*Source data:*
↓

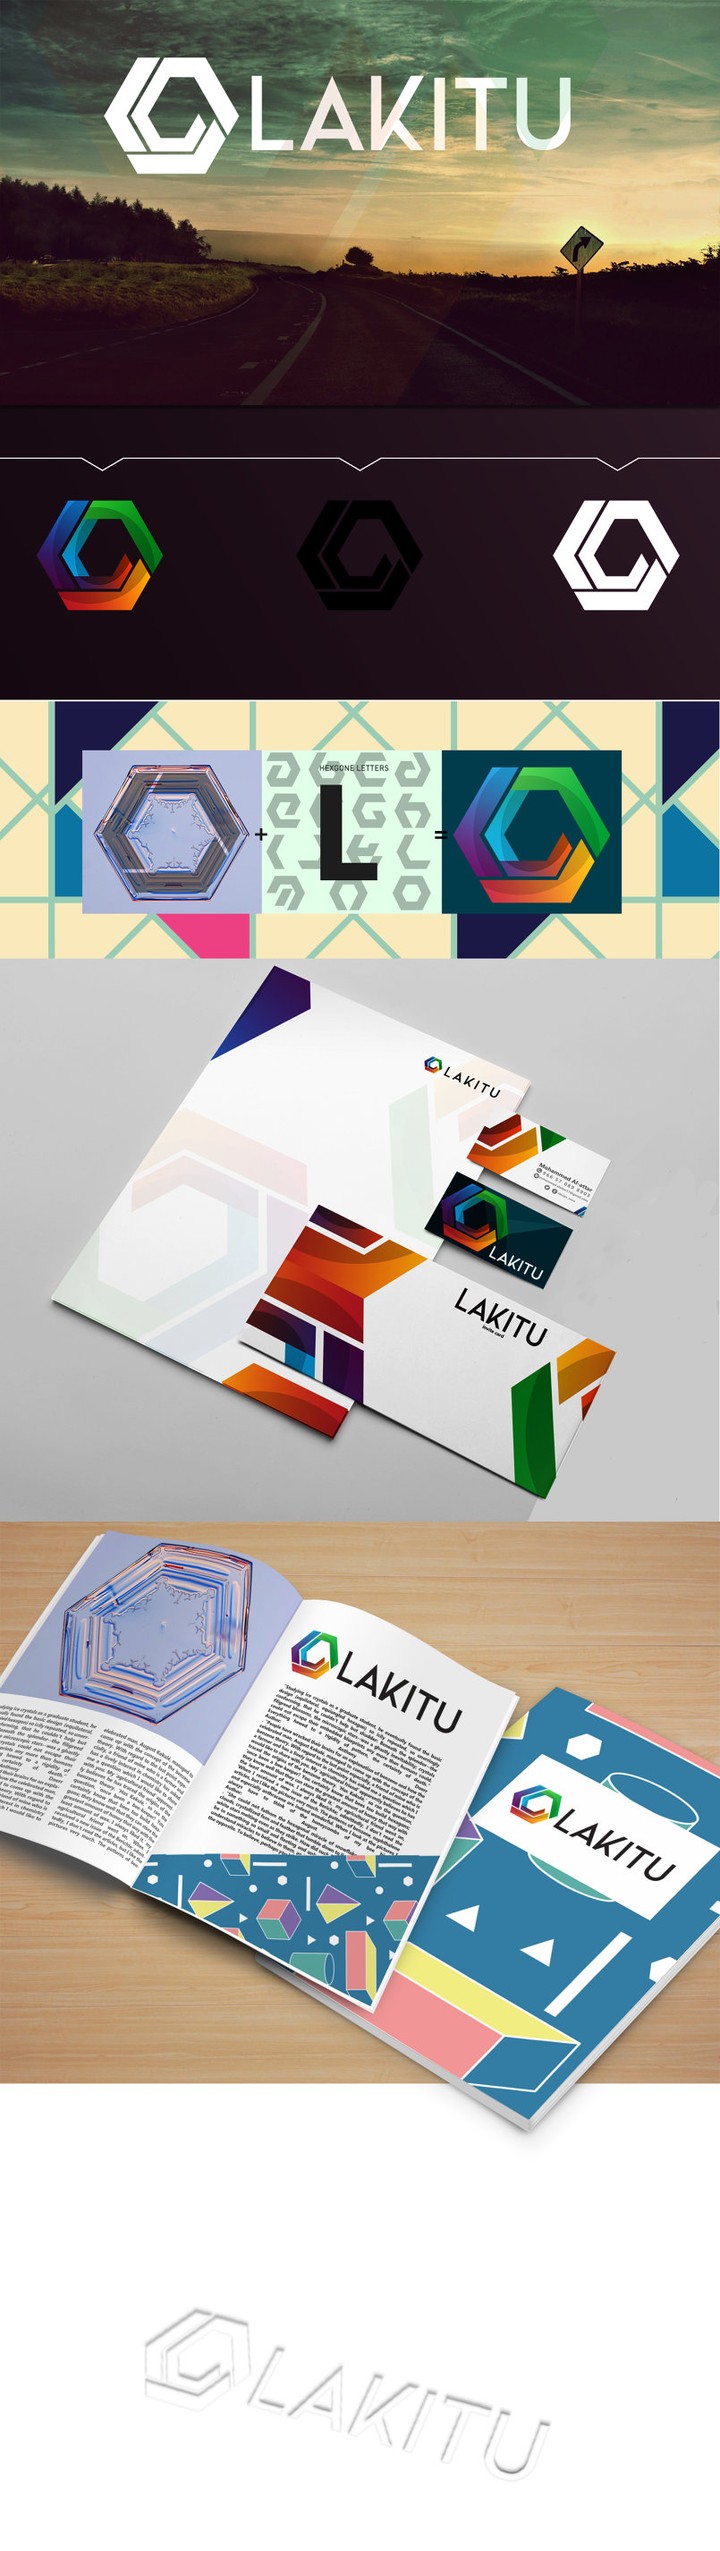 LAKITU brand identity | تصميم هوية لوكيتو
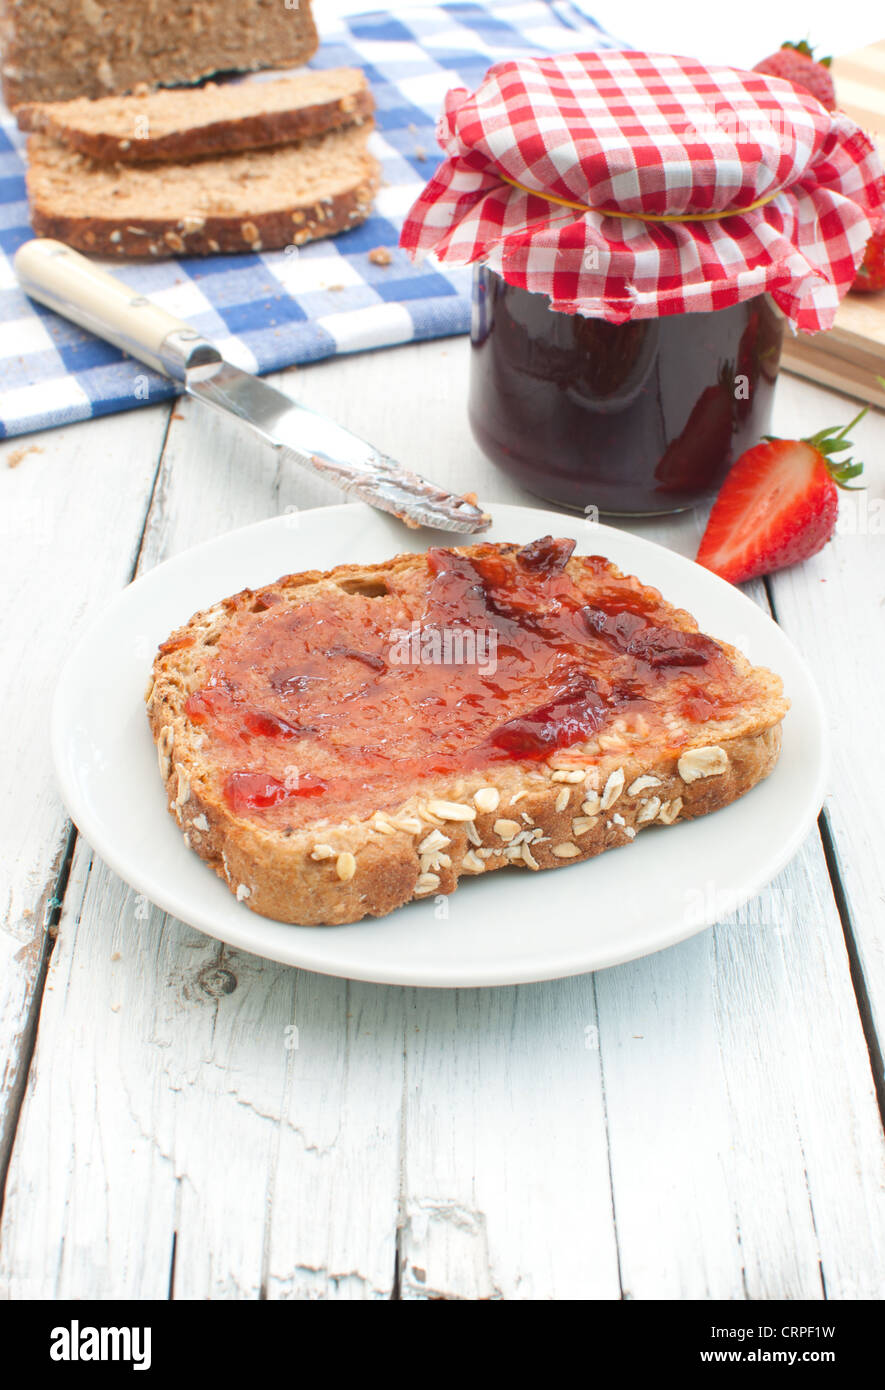 Traditional homemade jam and strawberries Stock Photo
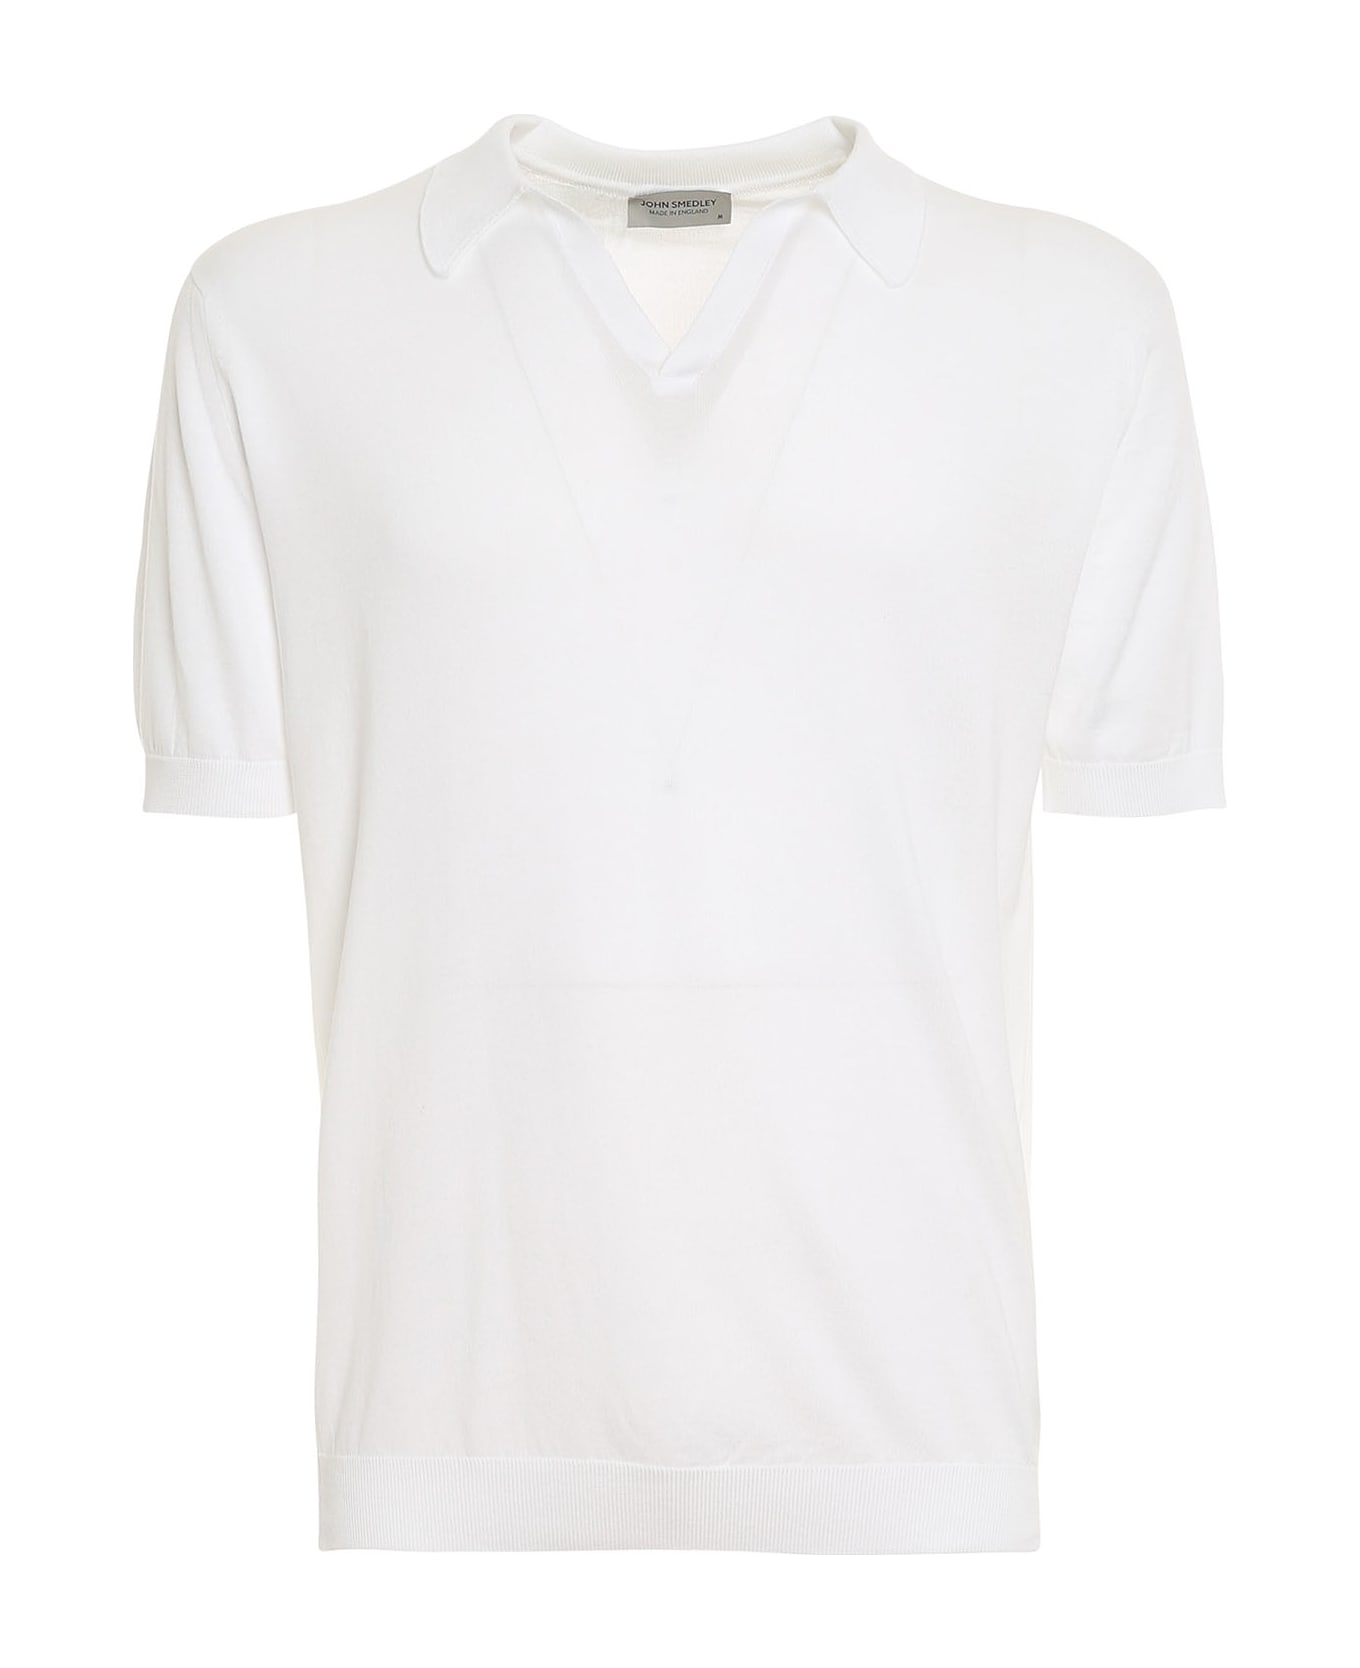 John Smedley Noah Skipper Collar Shirt Ss - White

↑

Write out all of the data above exactly, pictures excluded.

*Your response:*
 LAKITU brand identity | تصميم هوية لوكيتو
 Traditional homemade jam and strawberries Stock Photo
 John Smedley Noah Skipper Collar Shirt Ss - White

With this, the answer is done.